Treasury to Monitor
Libya's US AssetsIn an attempt to monitor compliance with a U.S. freeze on Libyan assets in the United States, the Treasury Department will require U.S. banks and others to report on all Libyan assets by Nov. 20.
President Reagan ordered all U.S. citizens and firms out of Libya in January 1986, froze Libyan assets in the United States and banned U.S. exports to Libya because of Libya's alleged support for terrorism.
The order applies to U.S. firms holding frozen Libyan assets and to Americans with claims against Libya.
Fuji Bank Lists Shares
On London Exchange
TOKYO - Fuji Bank's shares were listed on the London Stock Exchange Friday, the first Japanese bank to be so listed.
The aim of the listing is to strengthen the bank's funding capacity, Fuji officials said. No new issues will be floated as a result, they added.
Japan's Money Supply
Shows Strong Growth
TOKYO - Japan's M2 plus certificates of deposit money supply in August rose 11 percent from a year earlier to 359.2 trillion yen ($2.5 billion), compared with 10.3 percent year-on-year growth in July, the Bank of Japan said Friday.
This is the fastest growth since December 1979, when M2 also registered an 11 percent rise.
Central bank officials said the money supply rise was due to a sharp jump in borrowing before a recent rise in the long-term prime rate, and increased borrowing on expectations of rising interest rates.
Chicago Merc Shortens
Gold Trading Hours
CHICAGO - The board of the Chicago Mercantile Exchange voted to shorten trading hours on its International Monetary Market gold futures market.
Effective today, IMM gold futures will close at 2 p.m., Chicago time, instead of 3 p.m.

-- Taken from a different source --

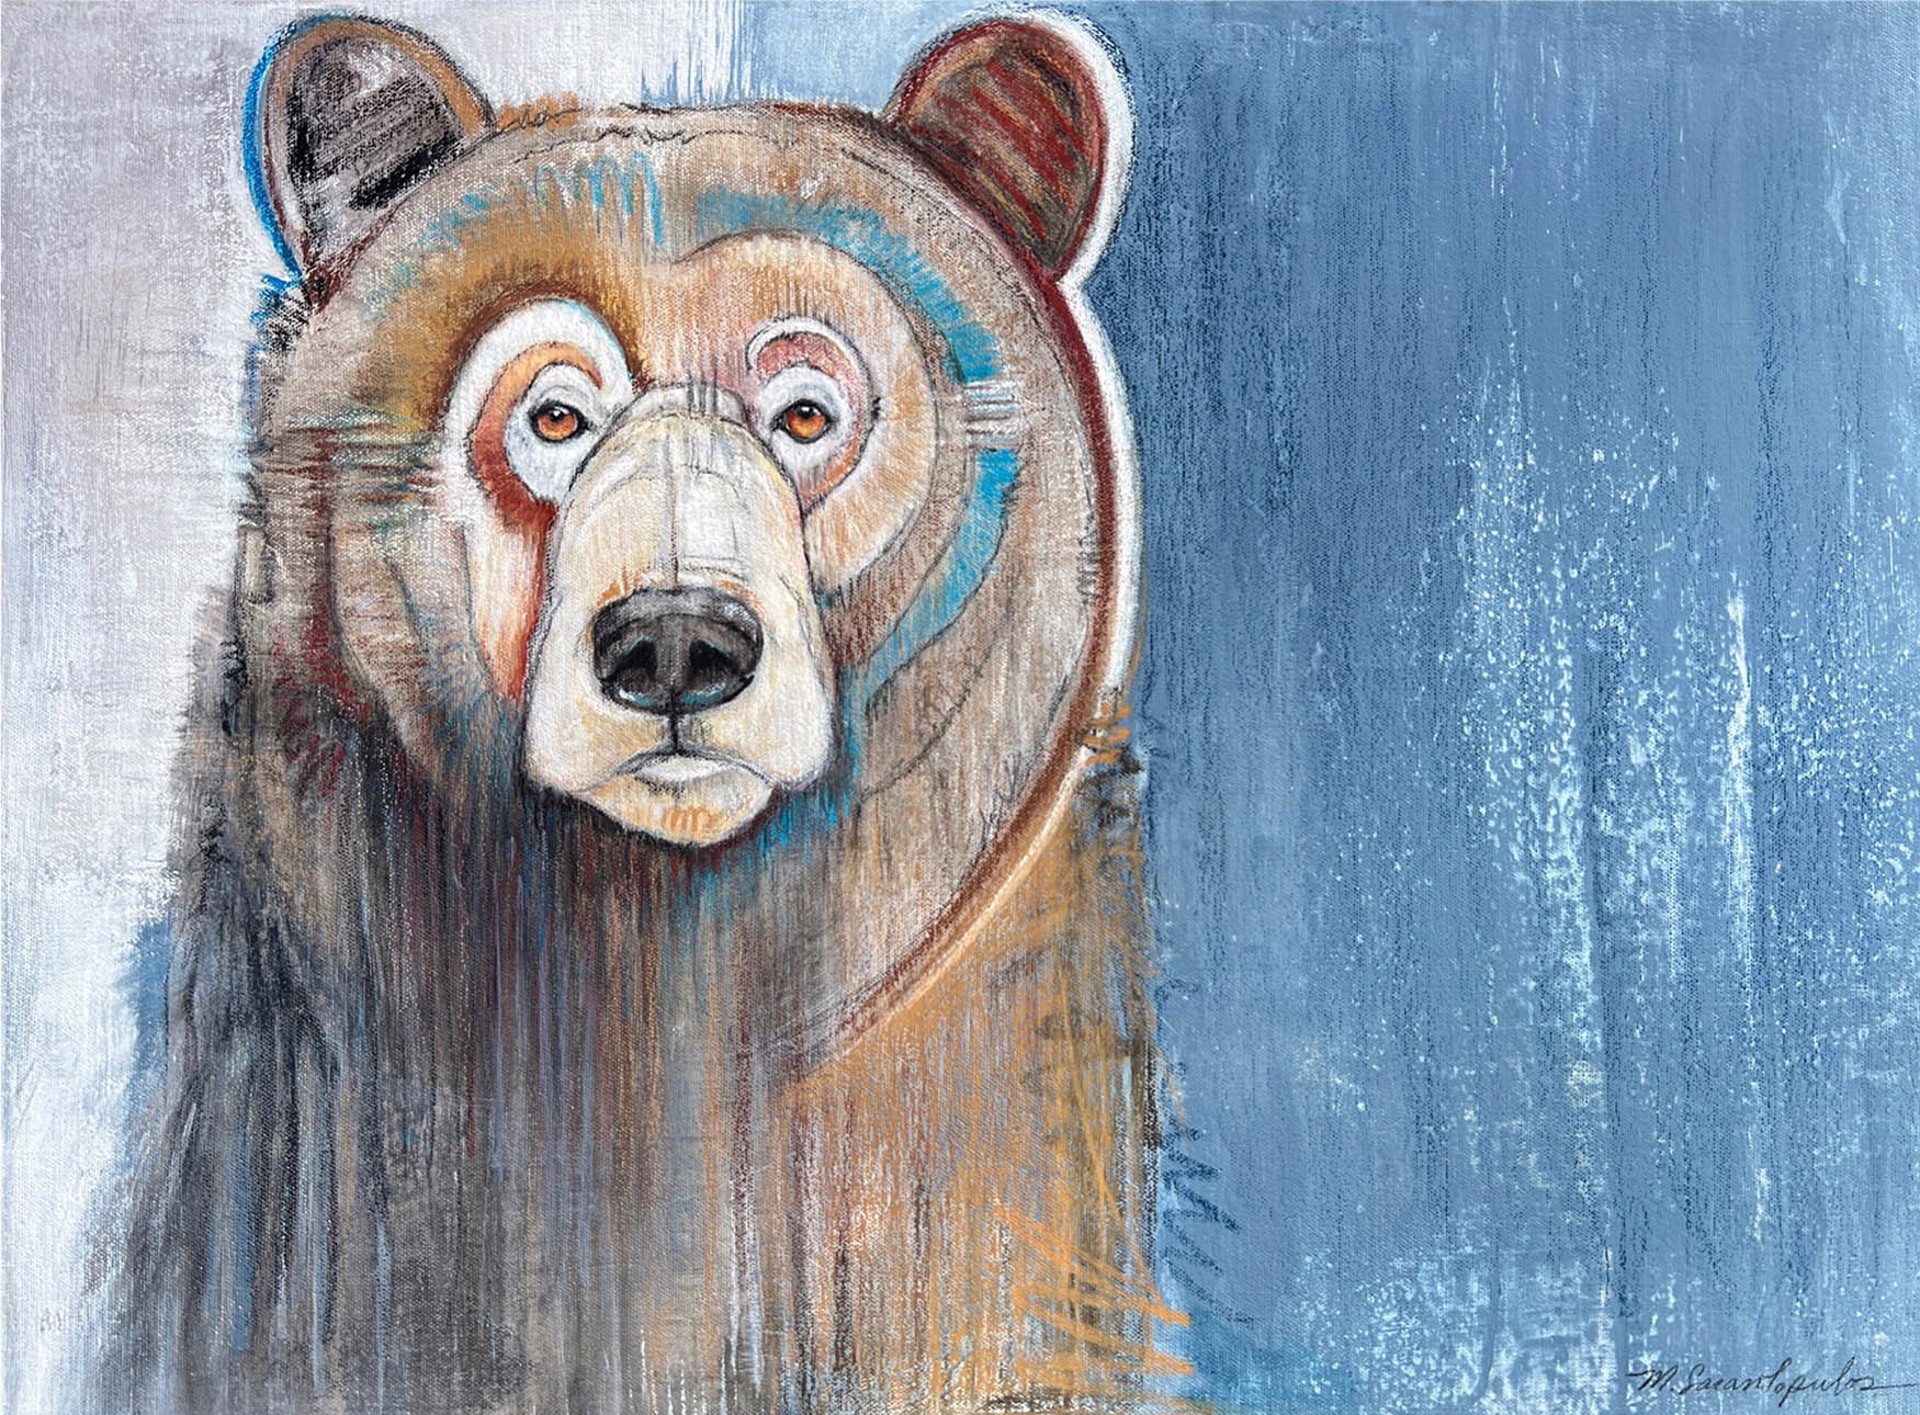 Original Mixed Media Artwork Featuring A Grizzly Bear Portrait Sketched On Top Of Abstract Blue Background

The change was announced just a week after the exchange lengthened hours in an effort to capture a larger share of the gold market. On Sept. 8, the exchange moved the gold close to 3 p.m. from 1:20 p.m.
The exchange said floor traders requested shorter trading hours.
First Shogun Issue
Filed by Fannie Mae
NEW YORK - The Federal National Mortgage Association, Fannie Mae, said it filed a securities registration statement with the Japanese minister of finance for the first U.S. dollar-denominated "shogun" issue that allows an exchange into a companion U.S. domestic issue.
Nikko Securities Co. is the lead-manager for the $200 million issue and Long Term Credit Bank of Japan Ltd. will serve as chief commissioned company.